Long term sample stability of the coating solution is a concern that needs to be addressed. For example, when the coating solution is prepared, data needs to be collected that ensures that there are not any side reactions, decomposition of one or more components, or evaporation over time. This is especially important if the benchtop NMR in the manufacturing facility is down. Making sure that shipping the sample to the 3M Central Research Analytical Lab will not result in changes to the sample is critical, specifically any temperature fluctuations that may be experienced during shipment. To monitor sample stability, one coating solution was prepared and placed into a NMR tube. Over a period of nearly a week the composition ratio and % solids were monitored for any changes. As shown in Chart 6 it appears that there does not appear to be any significant changes in the sample. To date- sample stability continues to look good even at 4 weeks.
Conclusions:
The benchtop NMR data collected to test for selectivity/specificity, accuracy, and precision via repeatability and reproducibility were shown to meet the qualification requirements for introducing the instrument into a manufacturing environment for measuring component ratio and percent solids.

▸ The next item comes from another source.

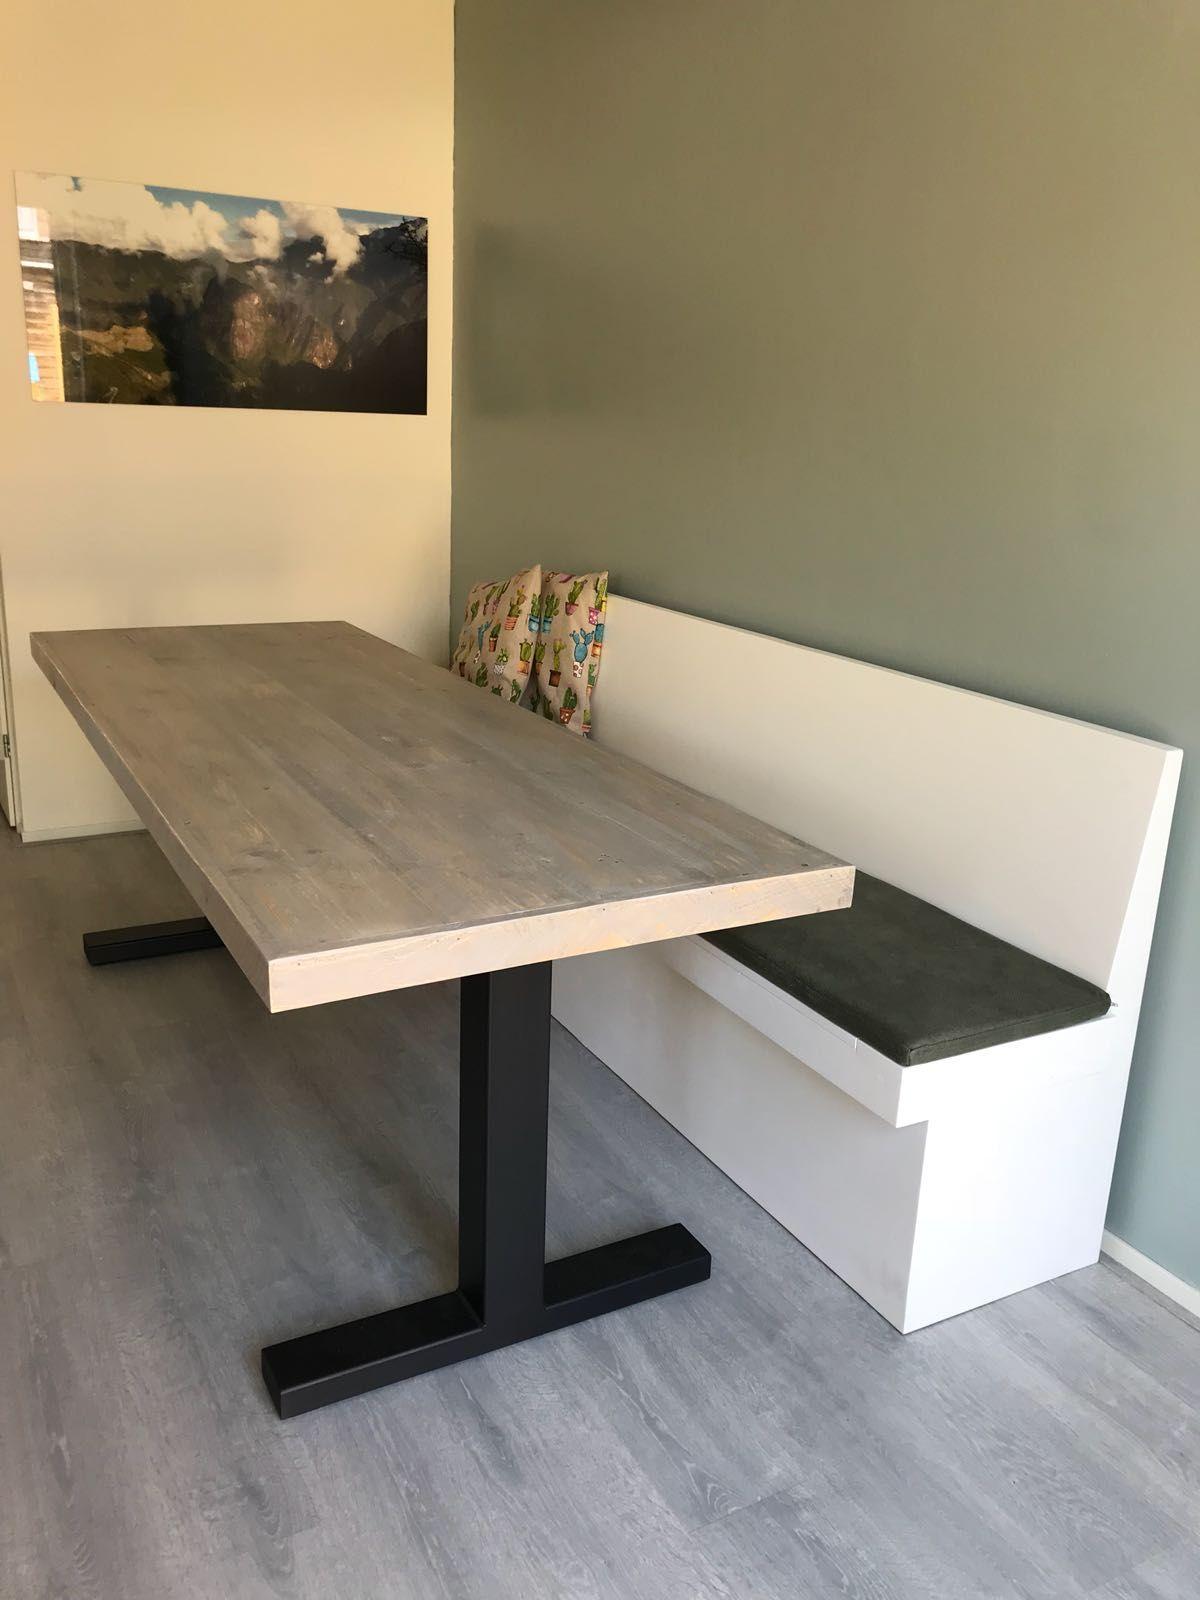 Woood Eettafel Bankje.Table Base Interior In 2019 Eettafel Bank Eetkamer En Eettafel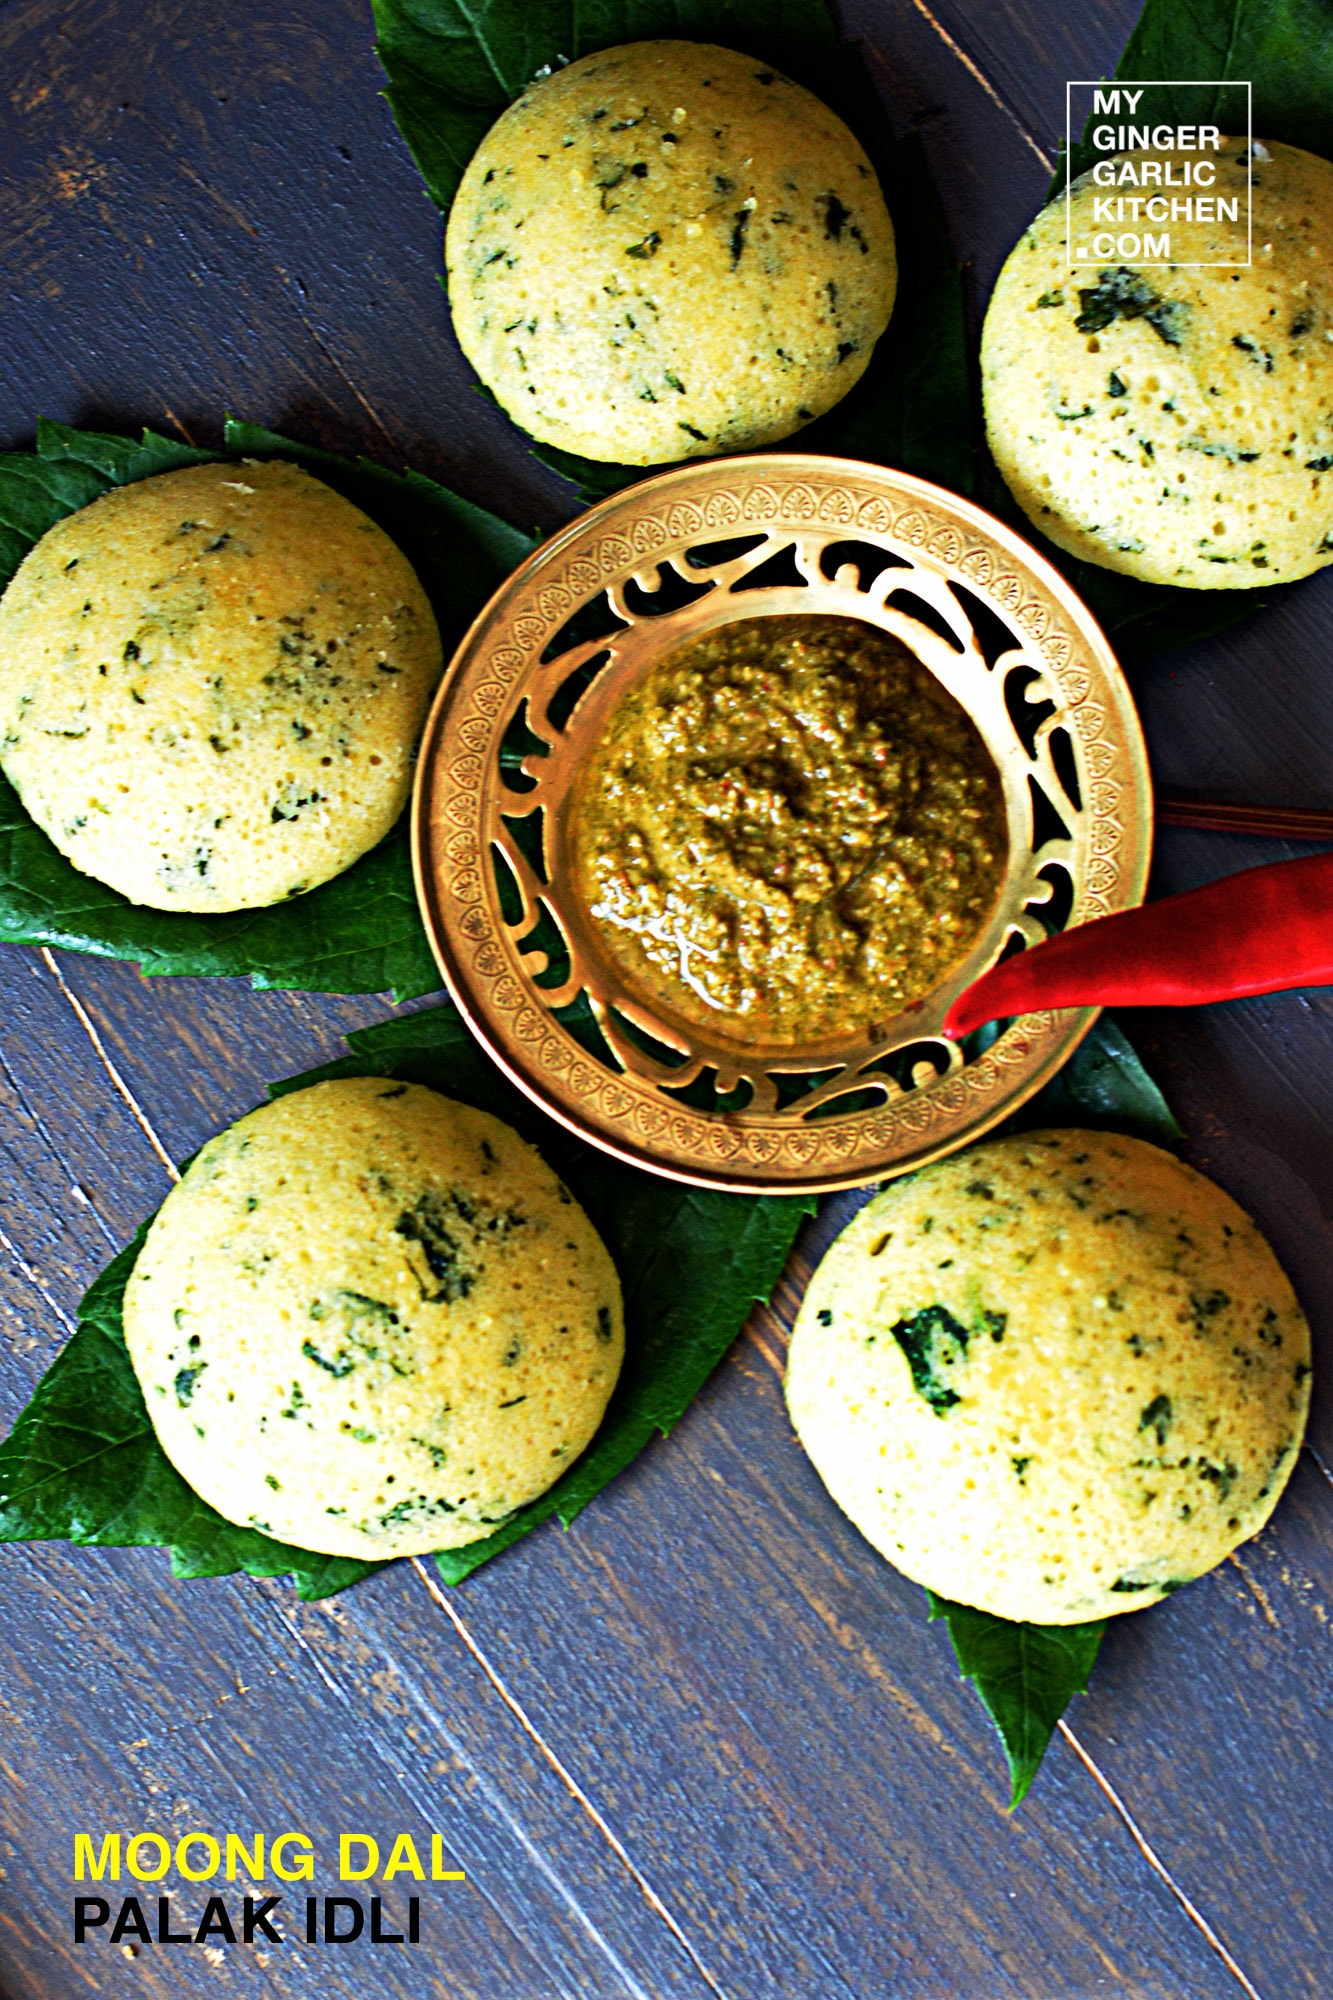 Image - recipe moong dal palak idli anupama paliwal my ginger garlic kitchen 4

The sample in scope also appears to be stable under long term storage. In the manufacturing environment the NMR system has been configured to automatically collect the NMR data via automation software to make the process on the production floor as easy as possible. We can collect the NMR data, process, phase, reference, integrate peak regions, transfer peak integral values to a spreadsheet where basic math is performed to make NMR use as simple as possible. Implementation of this process will decrease product variability, reduced line downtime, and allow for setting specifications that will better facilitate process control. Long term, certifying the software as 21 CFR Part 11 compliant is mandatory.